Font-Clos Francesc, Spelta Benedetta, D'Agostino Armando, Donati Francesco, Sarasso Simone, Canevini Maria Paola, Zapperi Stefano, La Porta Caterina A M
Center for Complexity and Biosystems, Department of Physics, University of Milan, Milano, Italy.
Department of Health Sciences, University of Milan, Milano, Italy.
Front Netw Physiol. 2021 Sep 28;1:746118. doi: 10.3389/fnetp.2021.746118. eCollection 2021.

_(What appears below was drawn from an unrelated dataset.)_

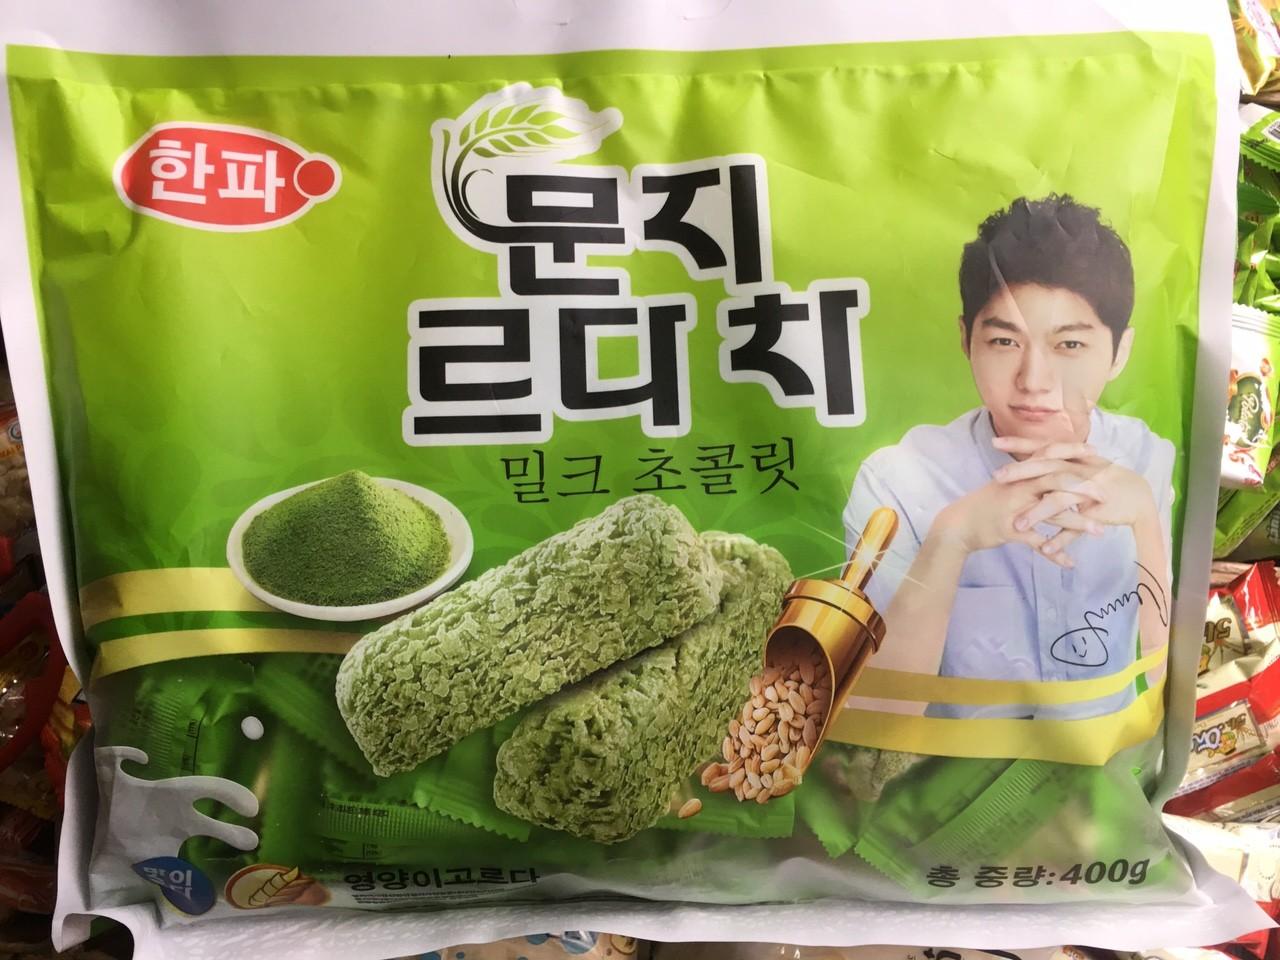 Bánh Yến Mạch Trà Xanh Hàn Quốc 400gr - Ym trà xanh

High-density electroencephalography (hd-EEG) provides an accessible indirect method to record spatio-temporal brain activity with potential for disease diagnosis and monitoring. Due to their highly multidimensional nature, extracting useful information from hd-EEG recordings is a complex task. Network representations have been shown to provide an intuitive picture of the spatial connectivity underlying an electroencephalogram recording, although some information is lost in the projection. Here, we propose a method to construct multilayer network representations of hd-EEG recordings that maximize their information content and test it on sleep data recorded in individuals with mental health issues. We perform a series of statistical measurements on the multilayer networks obtained from patients and control subjects and detect significant differences between the groups in clustering coefficient, betwenness centrality, average shortest path length and parieto occipital edge presence. In particular, patients with a mood disorder display a increased edge presence in the parieto-occipital region with respect to healthy control subjects, indicating a highly correlated electrical activity in that region of the brain. We also show that multilayer networks at constant edge density perform better, since most network properties are correlated with the edge density itself which can act as a confounding factor. Our results show that it is possible to stratify patients through statistical measurements on a multilayer network representation of hd-EEG recordings. The analysis reveals that individuals with mental health issues display strongly correlated signals in the parieto-occipital region. Our methodology could be useful as a visualization and analysis tool for hd-EEG recordings in a variety of pathological conditions.
高密度脑电图(hd-EEG)提供了一种可获取的间接方法来记录脑电活动的时空信息,具有疾病诊断和监测的潜力。由于其高度多维的性质,从hd-EEG记录中提取有用信息是一项复杂的任务。网络表示已被证明能直观呈现脑电图记录背后的空间连通性,尽管在投影过程中会丢失一些信息。在此,我们提出一种构建hd-EEG记录多层网络表示的方法,以最大化其信息含量,并在有心理健康问题个体记录的睡眠数据上进行测试。我们对从患者和对照受试者获得的多层网络进行了一系列统计测量,检测到两组在聚类系数、介数中心性、平均最短路径长度和顶枕边缘存在方面存在显著差异。特别是,患有情绪障碍的患者相对于健康对照受试者在顶枕区域显示出边缘存在增加,表明该脑区存在高度相关的电活动。我们还表明,在恒定边缘密度下的多层网络表现更好,因为大多数网络属性与边缘密度本身相关,而边缘密度可能是一个混杂因素。我们的结果表明,通过对hd-EEG记录的多层网络表示进行统计测量,可以对患者进行分层。分析显示,有心理健康问题的个体在顶枕区域显示出强相关信号。我们的方法可作为hd-EEG记录在各种病理状况下的可视化和分析工具。